Você acha que a multa de até R$ 10 mil e o limite de 36 horas são uma medida necessária ou um exagero do poder público? Deixe seu comentário, conte como você organiza o cuidado com seu pet quando precisa viajar e diga se apoiaria uma lei semelhante na sua cidade.

ENQUANTO ISSO QUEM DEIXAR UM SER HUMANO SOZINHO NÃO PAGA **** NENHUMA NESSE PAÍS HIPÓCRITA DE POLÍTICOS HIPÓCRITAS
Isso é um absurdo. Vai aumentar o abandono de animais nas épocas de férias. Não é uma lei inteligente, pra dizer o mínimo. Parece que esse pessoal não tem nada pra fazer, aí ficam inventando leis burras.

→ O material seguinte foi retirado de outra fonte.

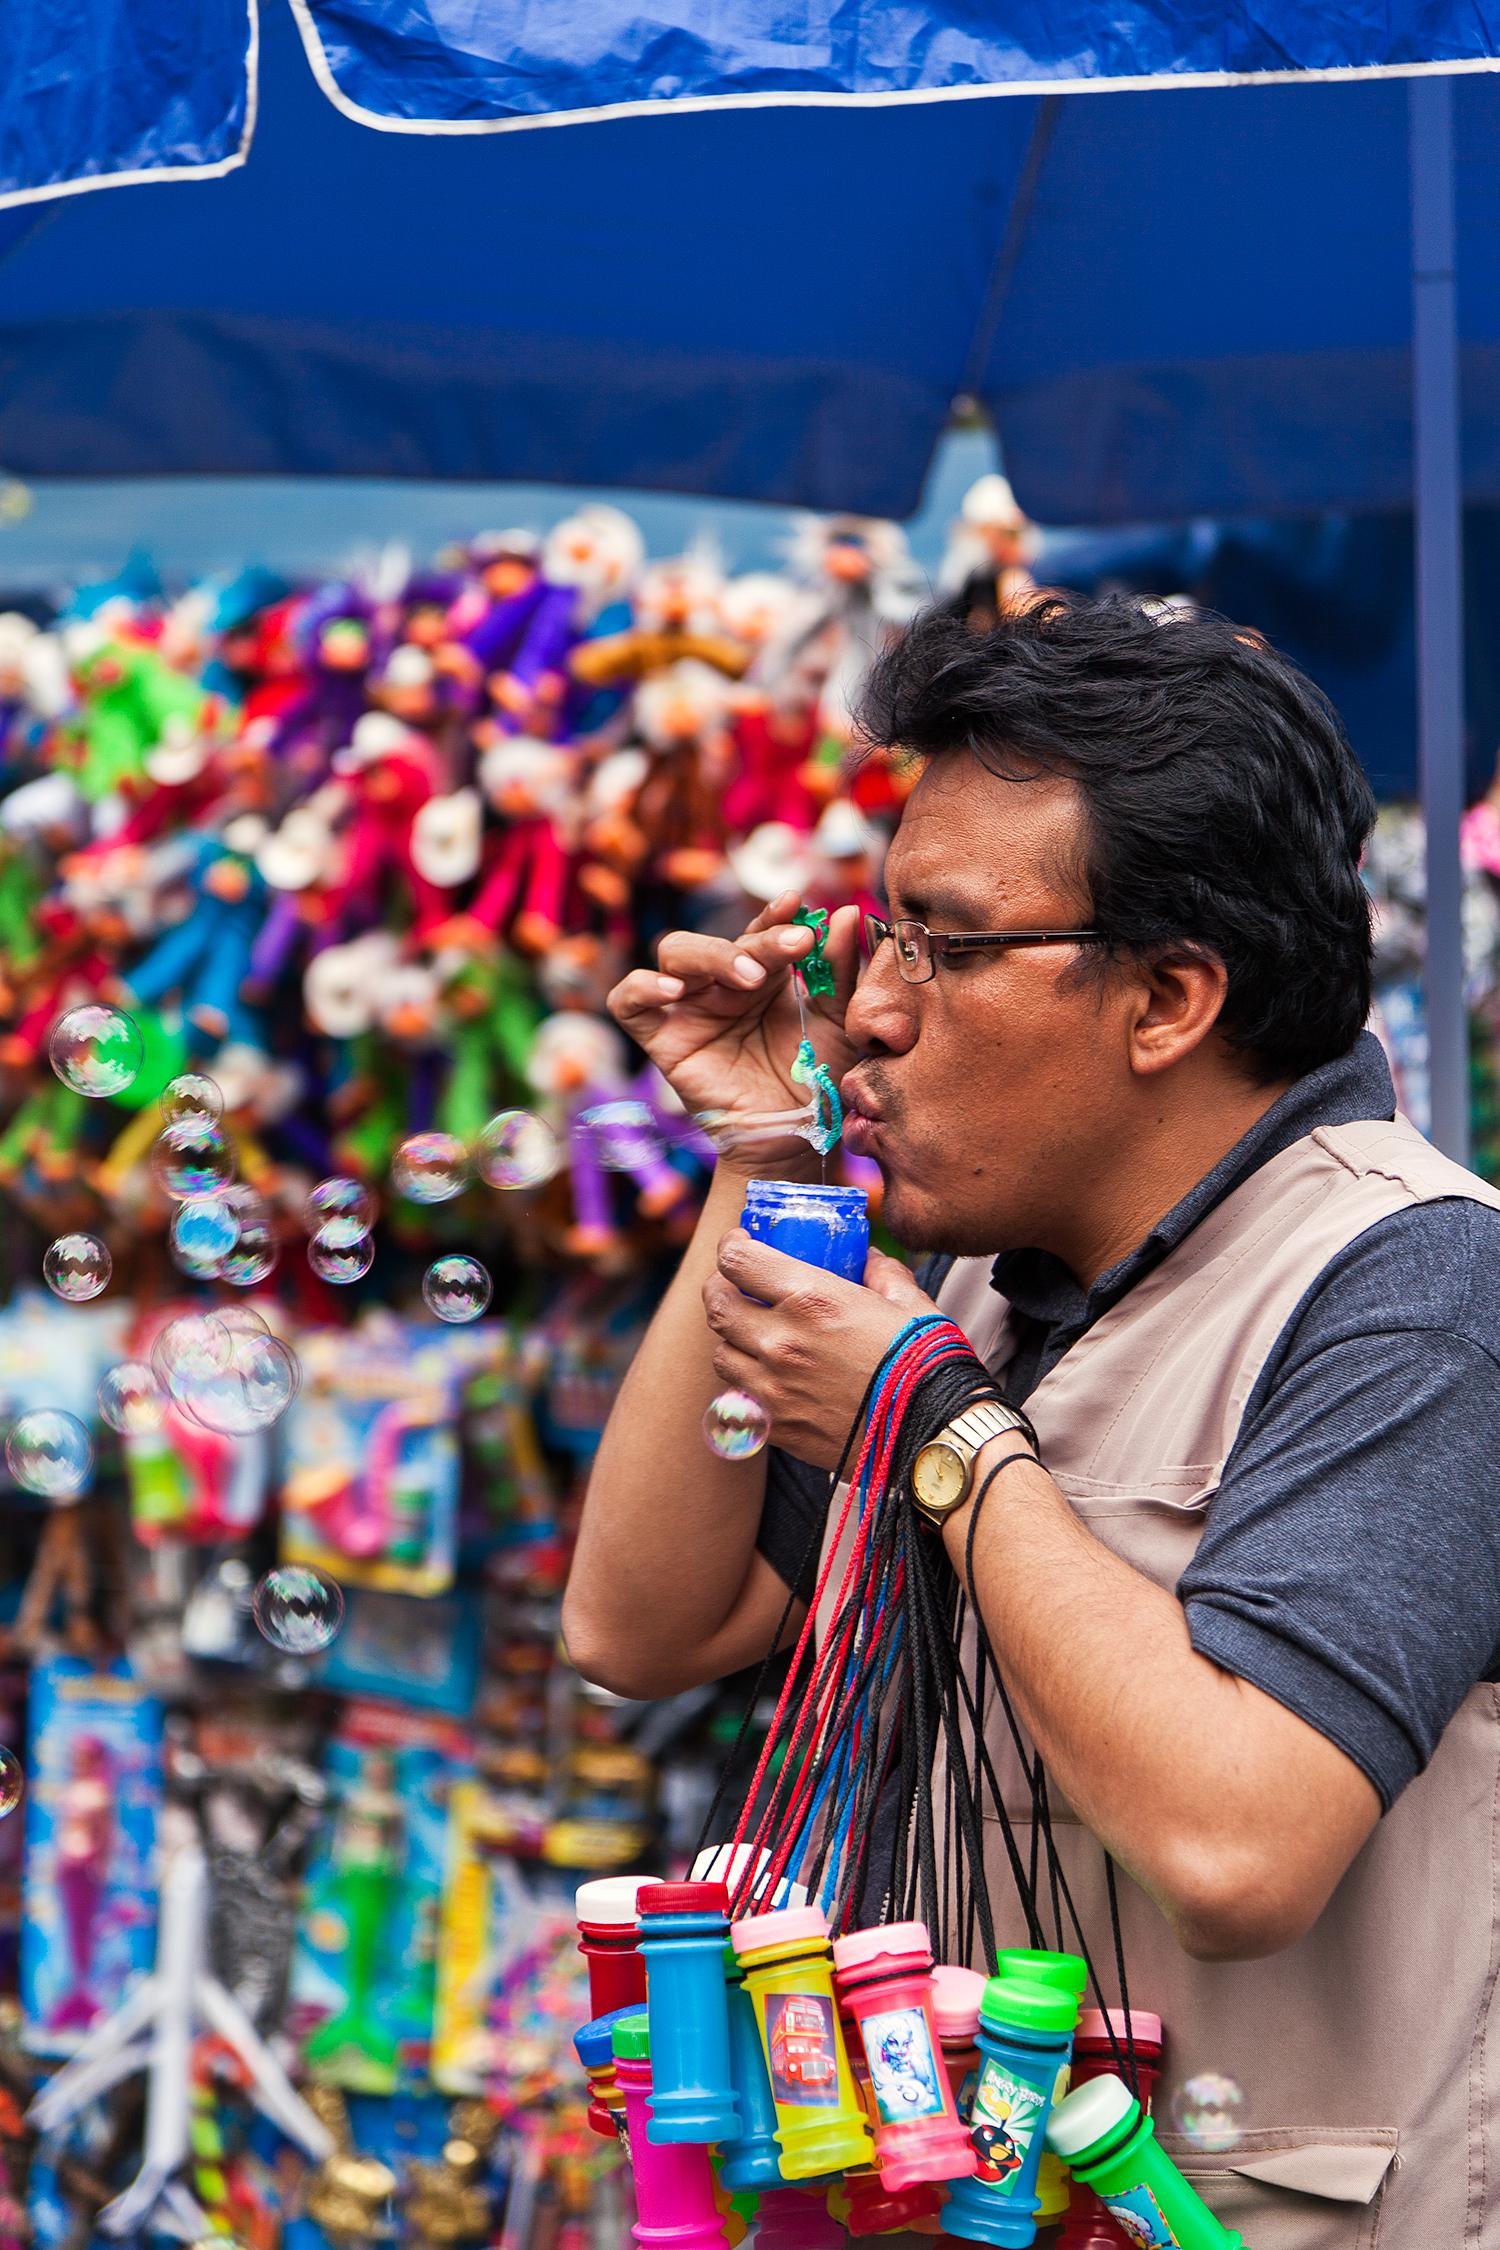 man blowing bubbles chapultepec park mexico city.jpg

Que lei mais esdrúxula! Parem de votar em pessoas sem ideias úteis a nação. Há pais que largam os filhos menores em casa, abandonam em abrigos e não pagam nada. Daí, vem um fulano ativista querer que pague por que largou o ****? Se toque! Pagar salário de deputado ou vereador desse nível não dá. Lei totalmente descabida em inviável. Arquivem essa bobagem logo.
Parabéns a criação da Lei. Não há nada de esdrúxula nas Leis de Proteção aos animais. Abandono de animais é uma questão ambiental e de saúde pública. Sou a favor da multa porque o brasileiro só repensa quando pesa no bolso. Também sou a favor da prisão ou prestação de serviço supervisionado em abrigos que cuidem de animais resgatados em situações de risco, para que possa viver o drama desses animais. Tenho 5 gatos que foram resgatados da rua. Eles são prioridades em minha vida e cada um é atendido em suas necessidades.